Friday, December 05, 2003

First snow fall of the year to stay for a little while. Started about 10pm last night. Had about an inch of snow but now it's melting. Classes are done for the week and the work day seems to be flying past. It helps that I can use my free time at work to program and keep my mind busy. Trying to create a program that can track a game of acquire. It'll help do all the little stuff, so I won't have to. :-) Beth has to work all weekend long. Get to spend some nice quite time at home. I hope I can force myself to do some cleaning around the house or to finish my homework. Only 2 more weeks of school to go. Yeah!!! Well, I have to get back to work. Later.

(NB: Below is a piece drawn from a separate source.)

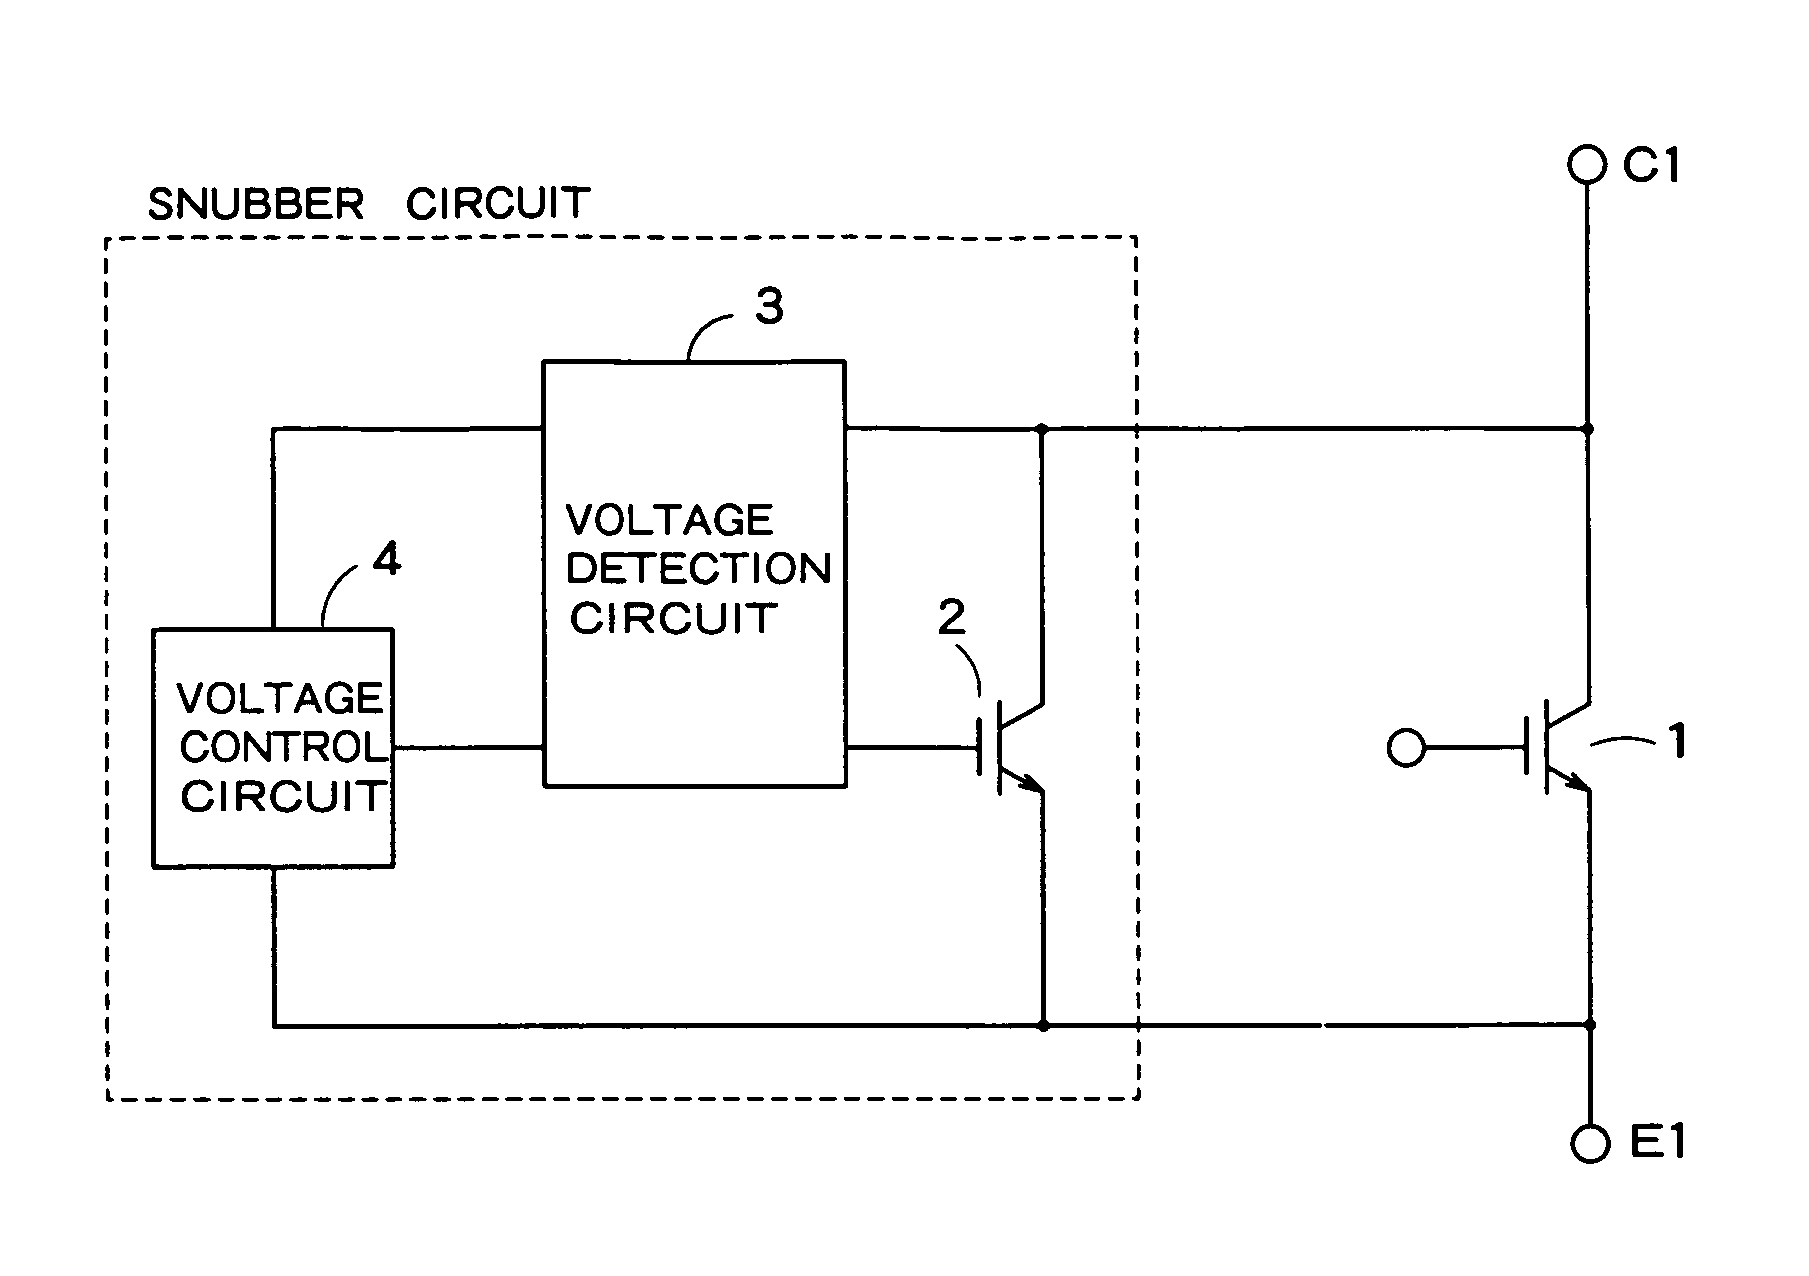 Snubber circuit

Wednesday, December 03, 2003

Done with work and getting ready to head out to school. At work I continued to think. I never seem to have anything better to do at work. I was thinking about how it seems a bit like this: one person is saying apple, another saying banana, a third saying orange while they are actually talking about pineapples. I think that Beth & I should just enter into a hibernation like state until such time that someone wakes us up. We seem to get into people's way. We seem to hurt people's feelings. Also, people seem to be scared of Beth and run. I think that's why the guys stopped wanting to see us. The last time they where around, Beth was pissed, and I believe they ran because they are scared of her. They won't admit it. They claim it's because of some personality mismatch or something like that. Beth doesn't get mad all the time, and when she is upset, she usually has a good reason for it.

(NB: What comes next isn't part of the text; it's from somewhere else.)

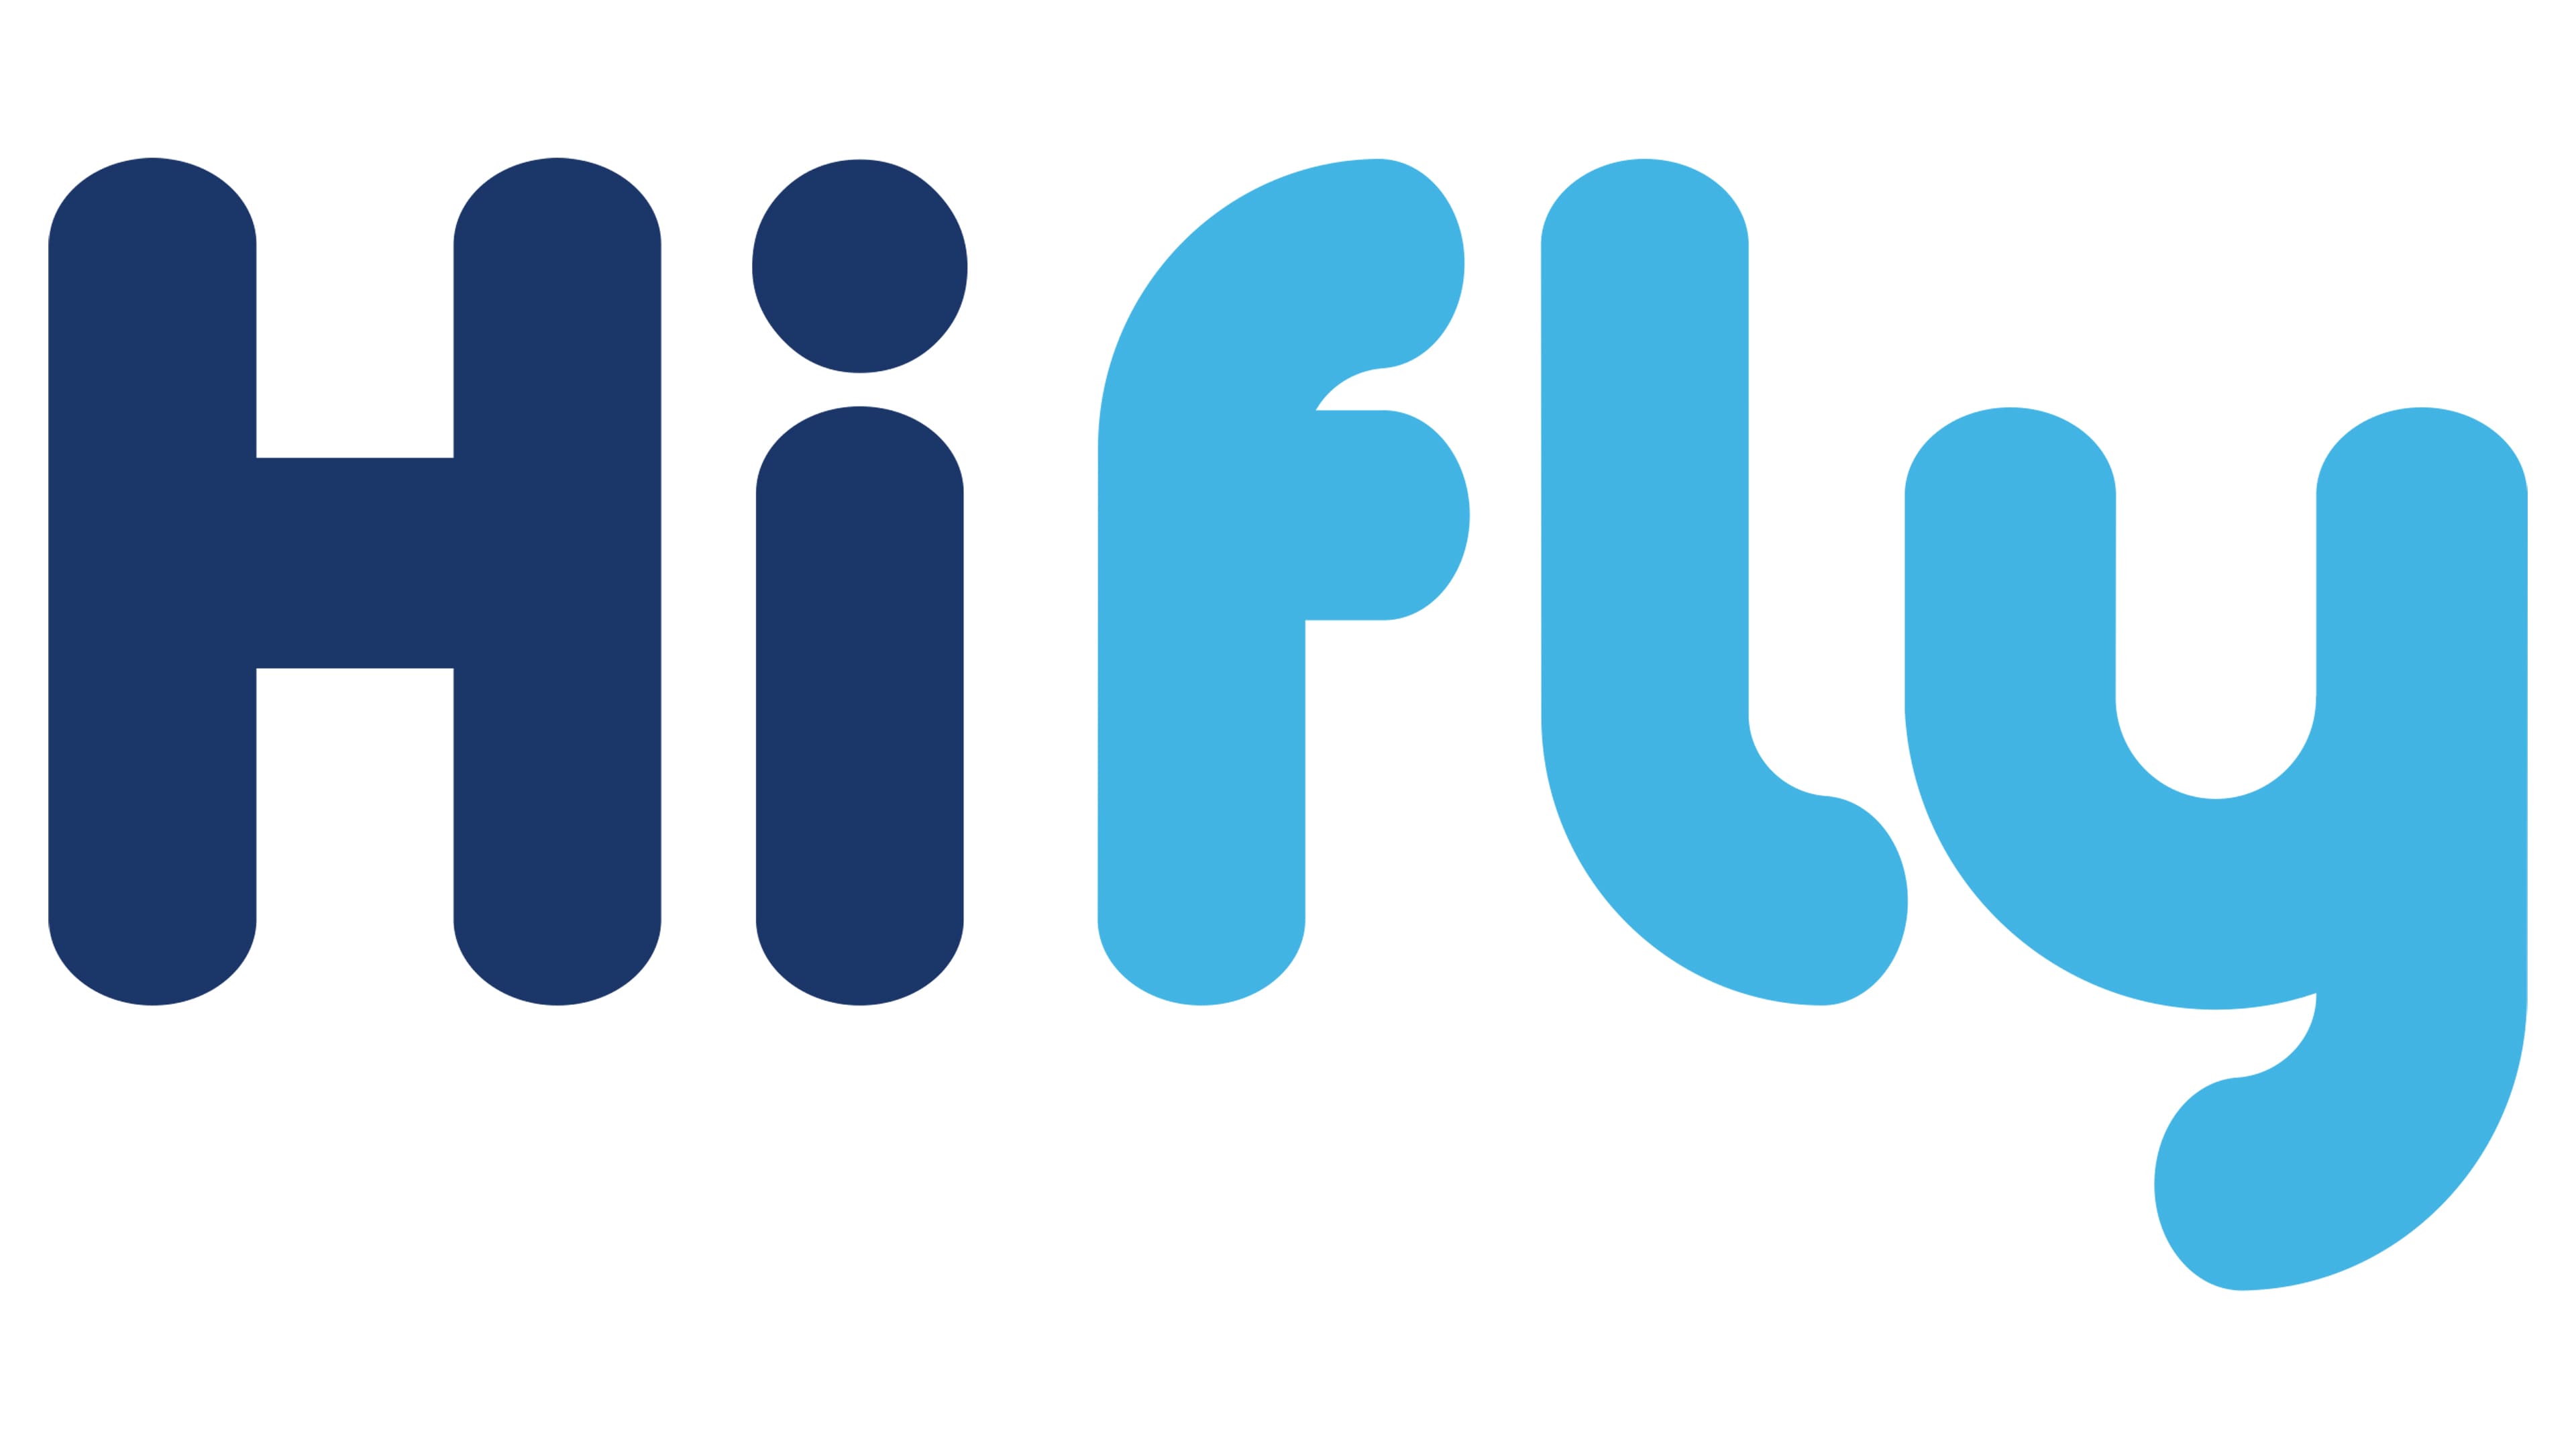 Fly high 5. Летай логотип. Hifly logo. Hiphi эмблема. Hostfly логотип.

The other thing that I am pondering is what people are looking for. As we all proceed in this endeavor to "find ourselves," we need to think of what we want. Myself, I'm looking for friends that I can spend time with. One that will play video games, board games, go to a movie, or go bowling, etc. I liked the past when I could go spend time playing games on the weekends. I don't have anyone around to do that with anymore. I would love for me to have friends that would call up & say "How about coming over for a game of settlers tonight?". I'm trying to make a few new friends, but it seems slow and difficult. I need to figure out ways to find some new friends. New places to find some. Night school hasn't been that successful for me. I just need to have faith and hope they will come. Well, I'm off to school. Later.
Lunch Time! I can't wait for school to be done on the 18th. I will then be able to sit back and try to relax for a little while until the spring semester. Everyone's lives seem to be in disarray as the Christmas time approaches. I was told some answers to my questions in my last entry. Today while thinking, I have been enlightened by those answers as to that I understand myself a bit more as to how I was feeling and that I didn't realize my overall reasons. With how life has taken the puzzle, which we call our lives, and has shaken up those pieces and now we all are trying to put the puzzle back together. The underlying problem that I wrote above is wanting to know how others view us. Whether people like us or don't like us. Whether they want to spent time with us or not to spent time with us. One doesn't often get told that you are somewhat important part of their lives. I think that every once in a while, people need to hear it from those around them and to also tell those around them. I want to say that I am sorry for my above entry. I was too angry when I decided to write it but it was something I felt that I needed to say at the time. Only now do I understand it & myself better. Better late than never. I can only hope that it's not too little, too late. People are always looking to be accepted by others and when it doesn't happen much, good old depression steps in. Well, I would like to write more but I have to get back to work. Later.